I would argue that MLB is better served with a Goliath. It intensifies fan reaction. Think about the Yankees at the turn of this century. Their star collection and rising payrolls focused love and hate on them. And that is great for a sport. You want extreme emotions. Indifference is the enemy.

I know the immediate argument is that without a salary cap, teams could just buy championships. But the four-time champion Yankees of 1996-2000 were at times not the highest-payroll team in the sport and even when they were up top, they had yet to run and hide financially from the competition.

When they did so, the Yankees stopped winning titles. And those Yankee champions were unique, not easily duplicated, even by the wildest spenders. They had not just talent and depth. They buttressed that with a self-confidence and belief in one another that particularly steeled them in the postseason. Since the Yankee three-peat concluded in 2000, the Yankees have won one championship and no team has repeated in this century.

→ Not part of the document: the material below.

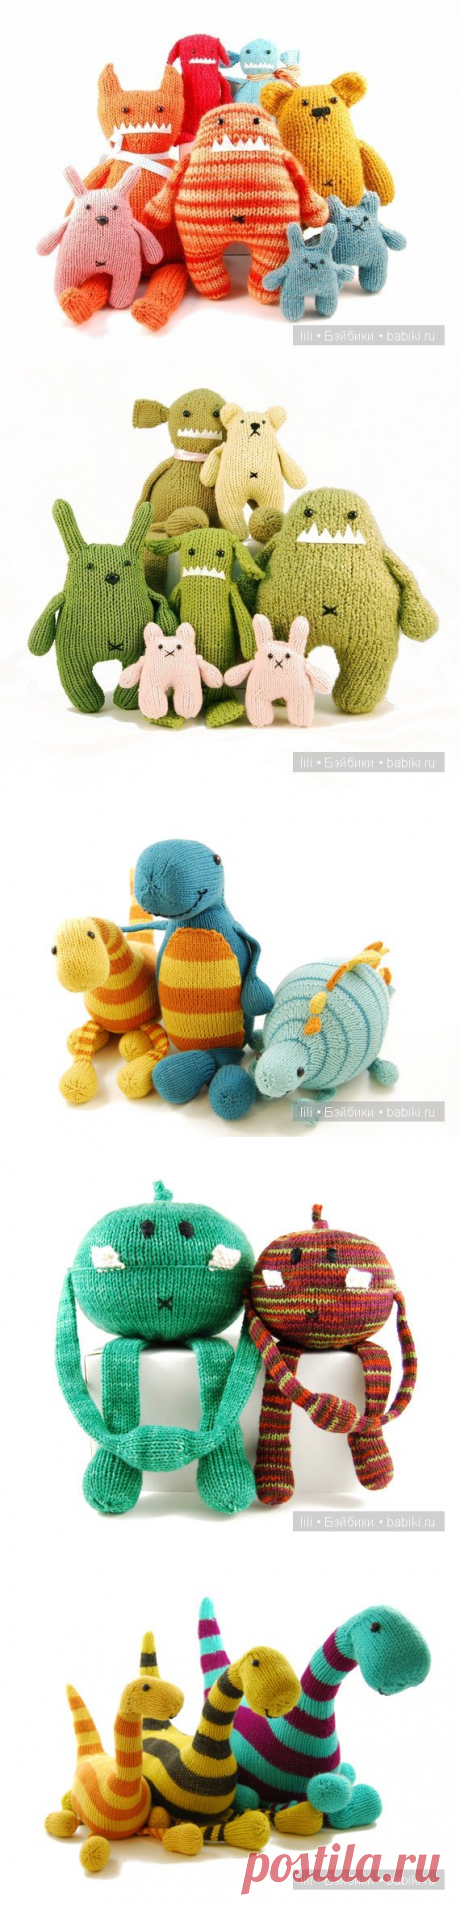 Вязанные маленькие монстрики - авторские игрушки от Rebecca Danger / Мишки Тедди (Teddy Bear) - фото, картинки, открытки / Бэйбики. Куклы фото. Одежда для кукол

Eight different organizations have won the last eight titles and the last two teams to have the highest Opening Day payroll and win it all were the 2009 Yankees and the 2018 Red Sox. The biggest payroll wins far less often than perception.

Steve Cohen
Steve Cohen is MLB’s much-needed villain.
Mets.com

The Mets entered the weekend with a payroll for luxury tax purposes at a major league-high $286 million (Spotrac). In the recently completed collective bargaining agreement, MLB owners and players agreed to a never-used-before fourth tax threshold at $290 million that quickly became known as the Cohen Tax – including by Cohen.

He has suggested the team might go over that level. And the more outrage that brings in Miami and Washington and Atlanta, the better for baseball. It is great to have a villain. Something to shoot for. Something to boo at. There is not a lot of national interest in baseball. It is such a local sport. But villainy is national.